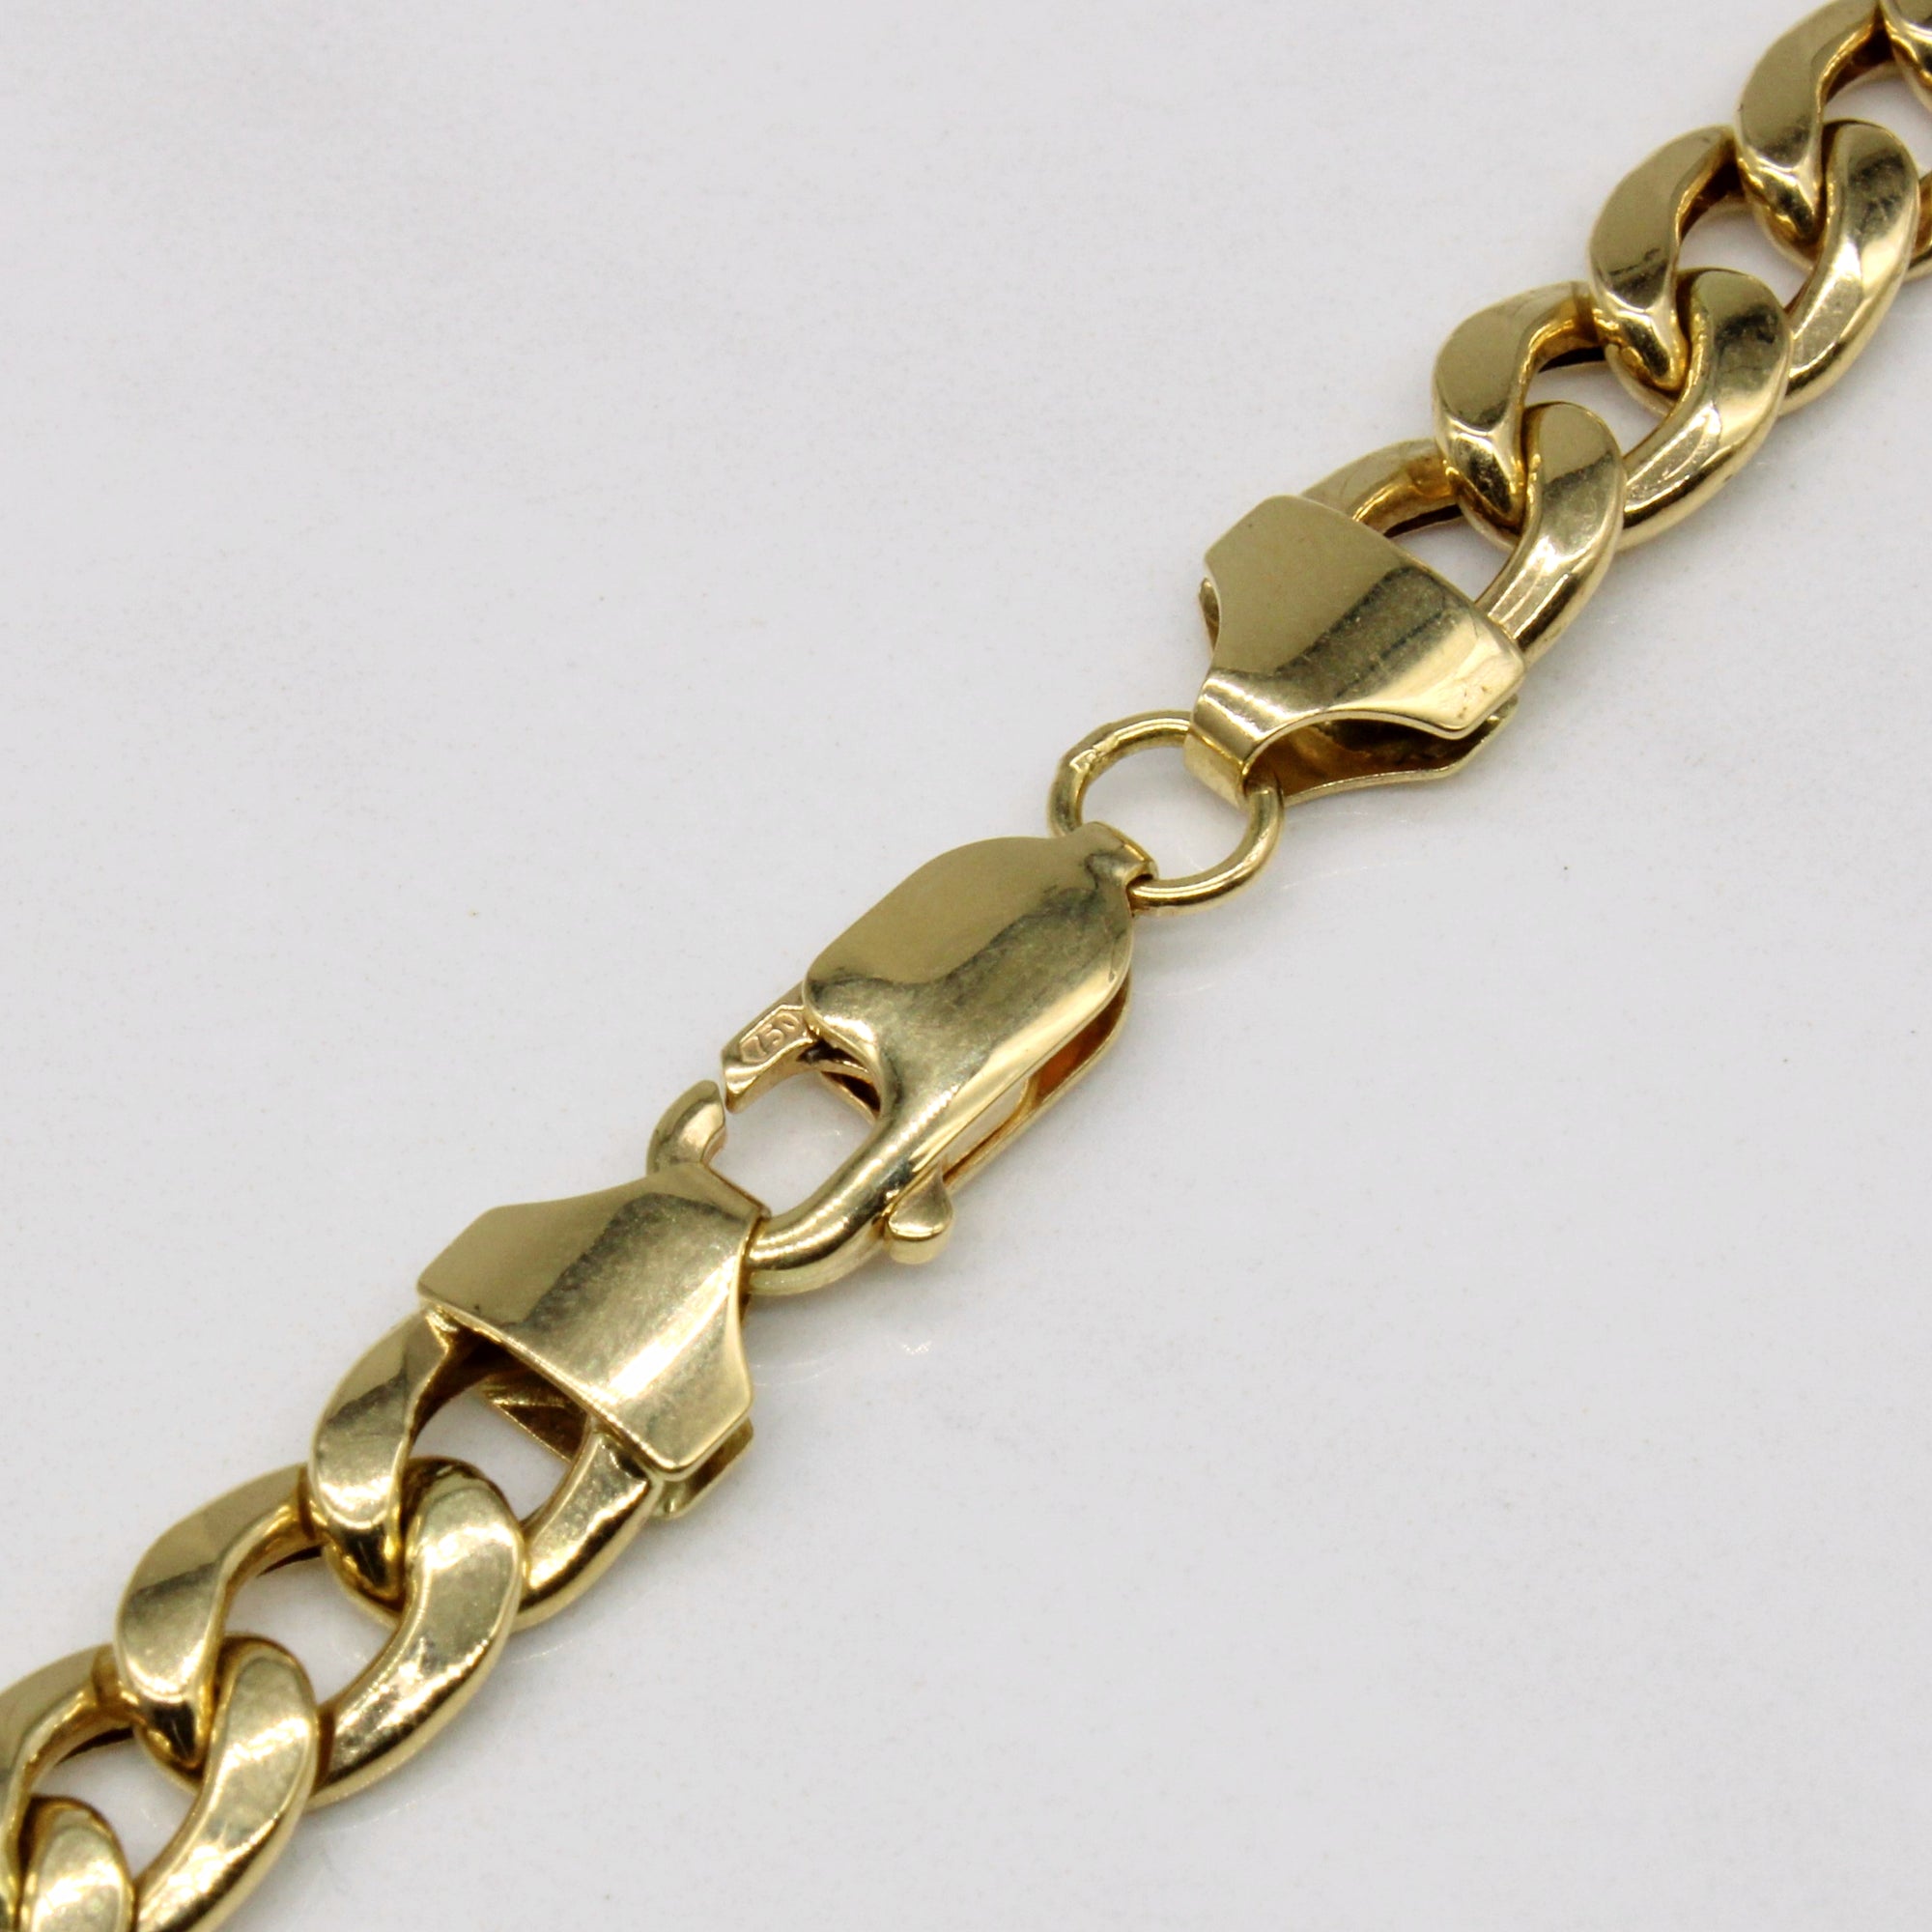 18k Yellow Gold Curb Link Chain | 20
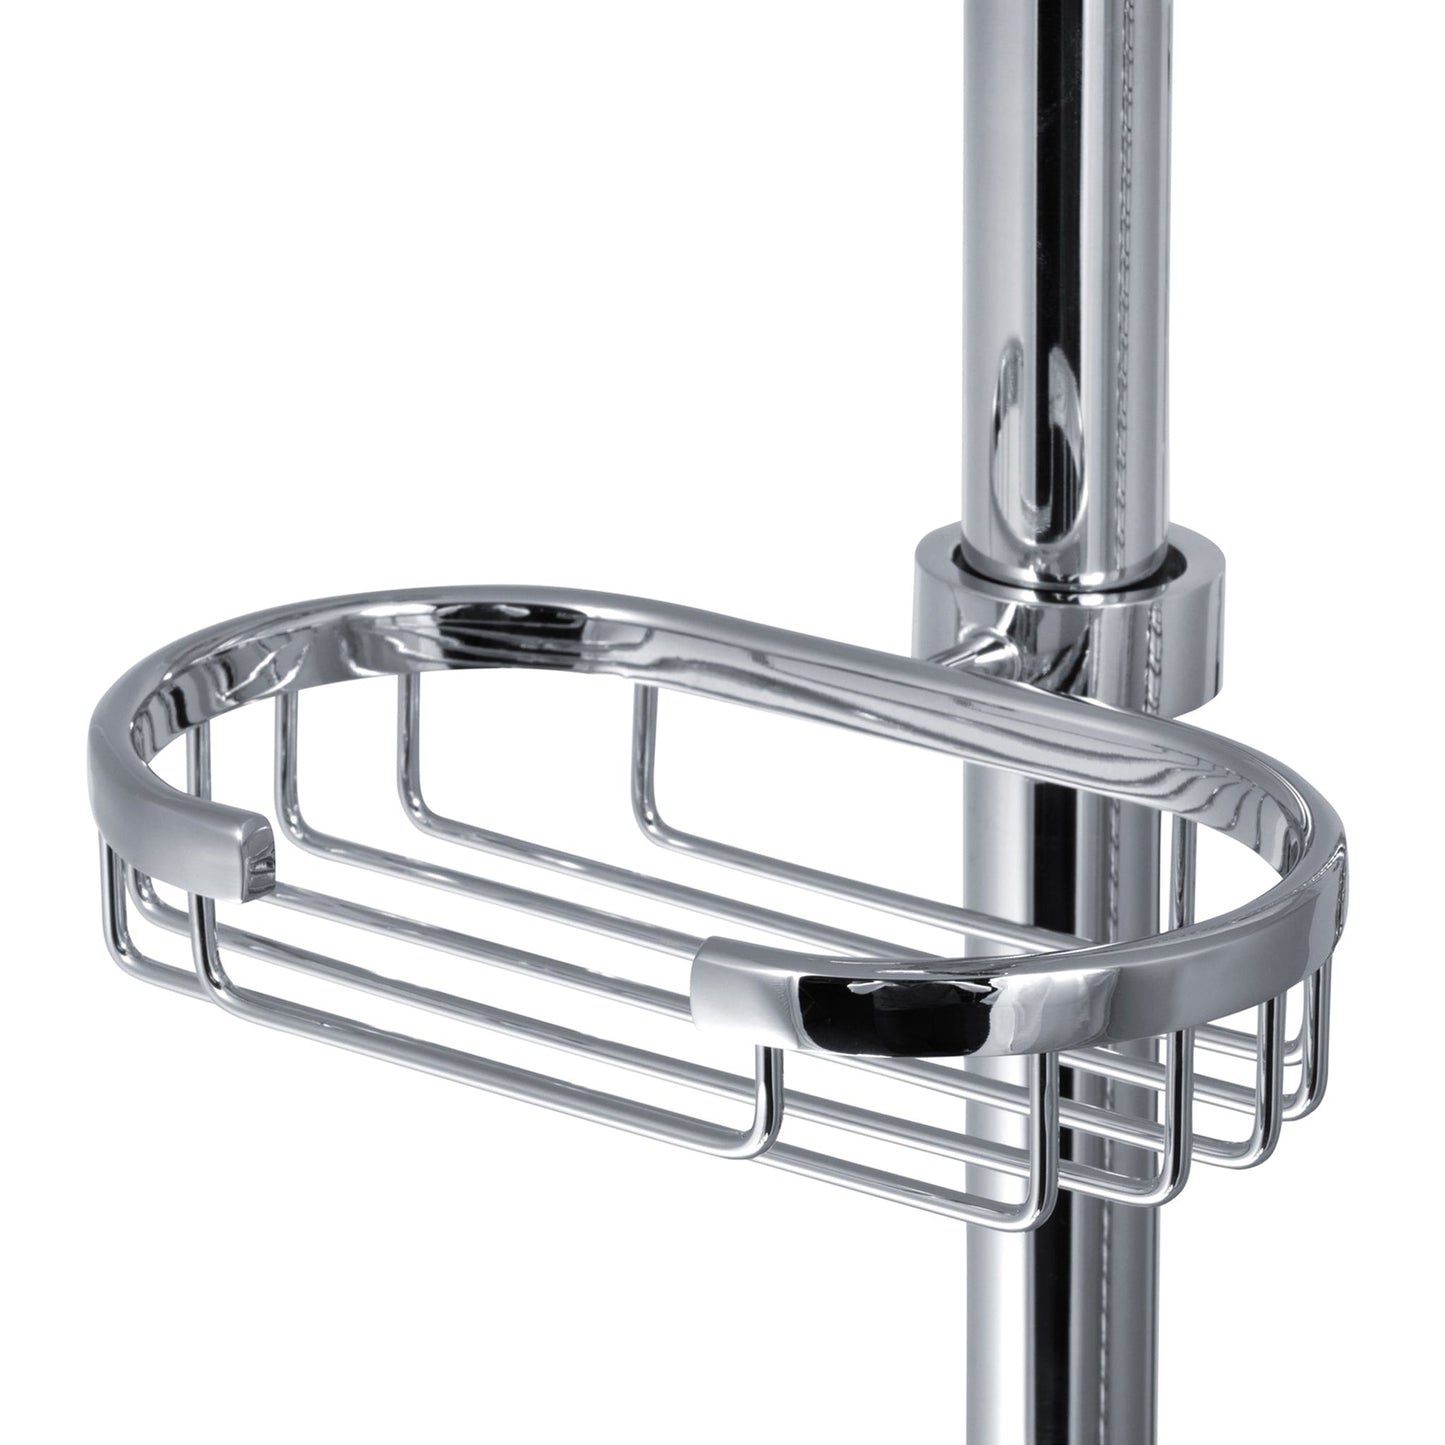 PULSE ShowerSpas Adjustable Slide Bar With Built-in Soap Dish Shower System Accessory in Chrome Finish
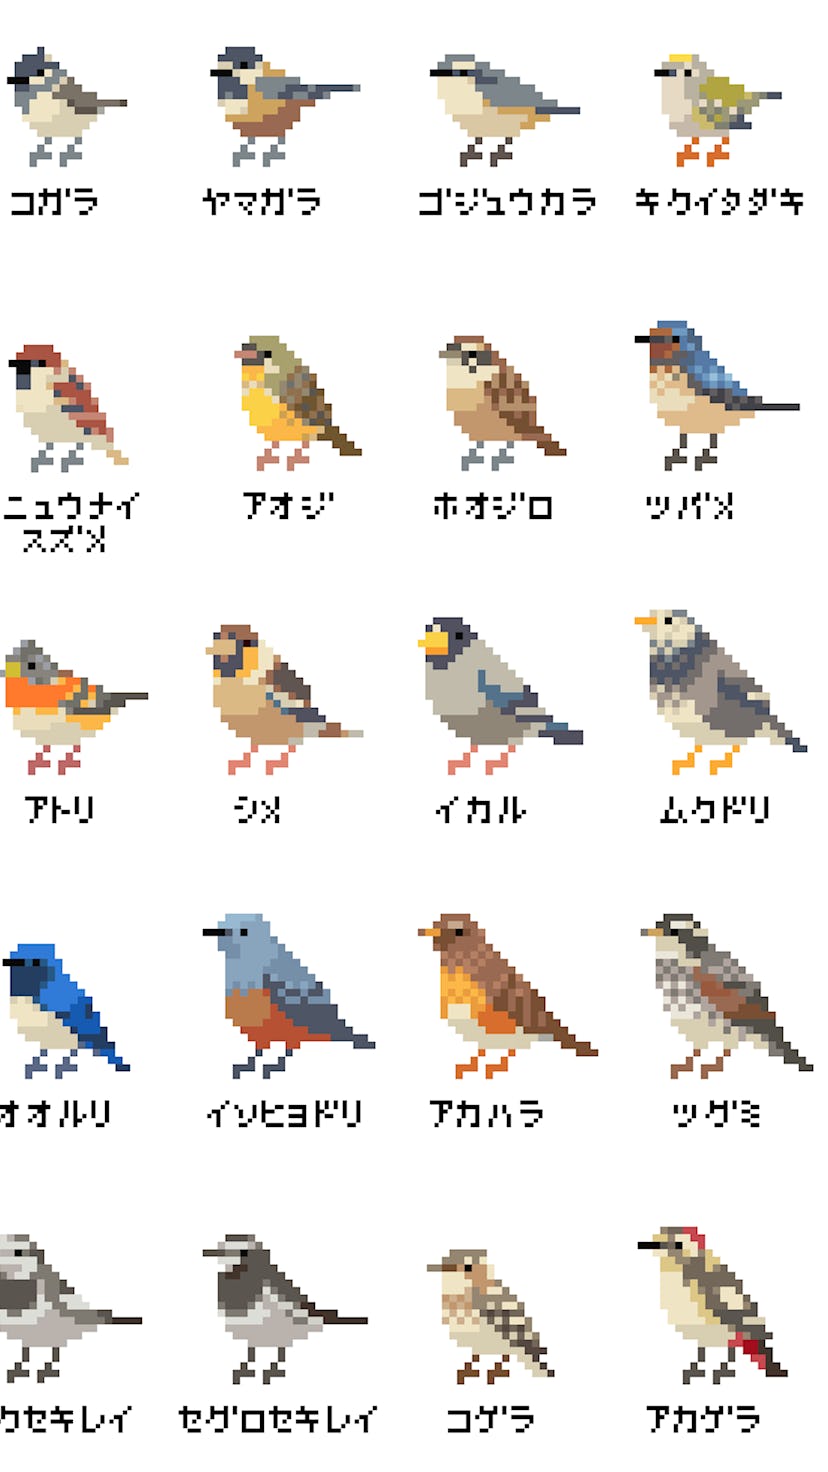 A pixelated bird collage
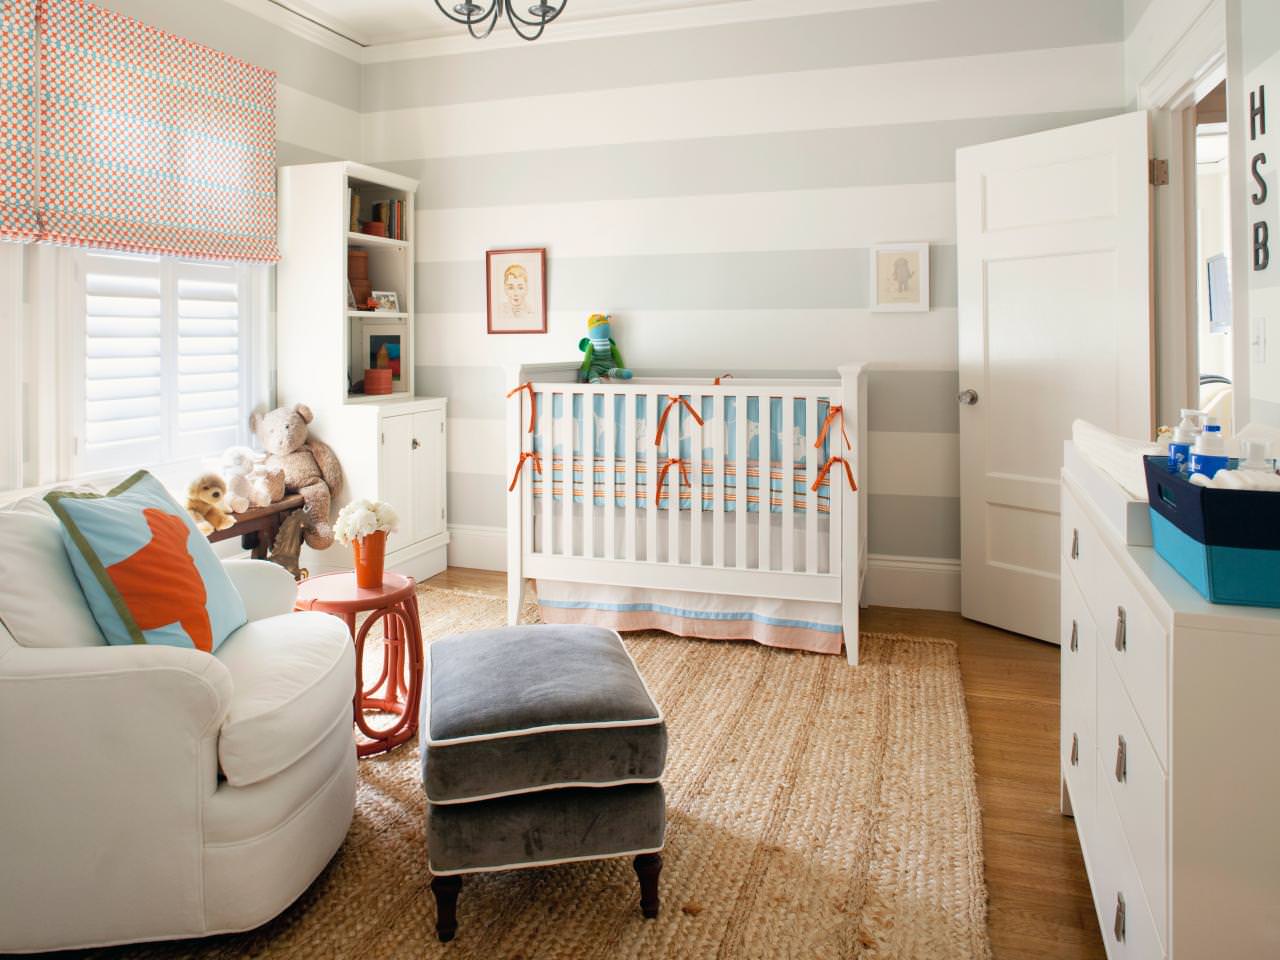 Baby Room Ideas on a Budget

# TASK TO COMPLETE
Without the pictures, transcribe exactly the lines above from the one containing "PULSE ShowerSpas Adjustable" through the last.

# SOLUTION TO THIS PROBLEM
 PULSE ShowerSpas Adjustable Slide Bar With Built-in Soap Dish Shower System Accessory in Chrome Finish
 A pixelated bird collage
 Baby Room Ideas on a Budget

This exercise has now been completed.